To many outsiders, mathematicians appear to think like computers, grimly grinding away with a strict formal logic and moving methodically--even algorithmically--from one black-and-white deduction to another. Yet mathematicians often describe their most important breakthroughs as creative, intuitive responses to ambiguity, contradiction, and paradox. A unique examination of this less-familiar aspect of mathematics, How Mathematicians Think reveals that mathematics is a profoundly creative activity and not just a body of formalized rules and results.


Nonlogical qualities, William Byers shows, play an essential role in mathematics. Ambiguities, contradictions, and paradoxes can arise when ideas developed in different contexts come into contact. Uncertainties and conflicts do not impede but rather spur the development of mathematics. Creativity often means bringing apparently incompatible perspectives together as complementary aspects of a new, more subtle theory. The secret of mathematics is not to be found only in its logical structure.
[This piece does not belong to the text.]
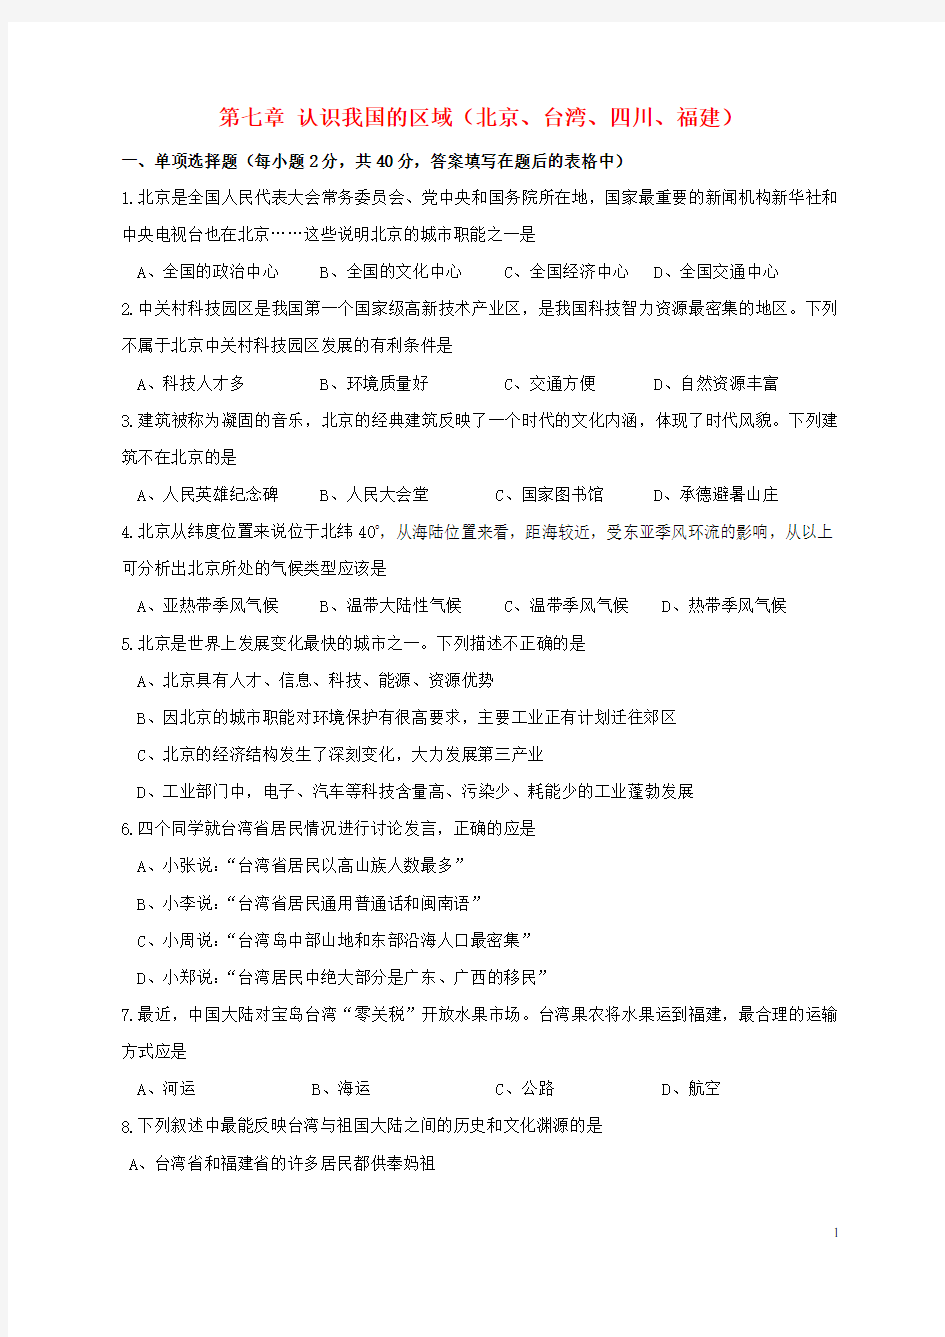 七年级地理下册第七章认识我国的区域(北京、台湾、四川、福建)单元综合测试题中图版

The creative dimensions of mathematical work have great implications for our notions of mathematical and scientific truth, and How Mathematicians Think provides a novel approach to many fundamental questions. Is mathematics objectively true? Is it discovered or invented? And is there such a thing as a "final" scientific theory?


Ultimately, How Mathematicians Think shows that the nature of mathematical thinking can teach us a great deal about the human condition itself.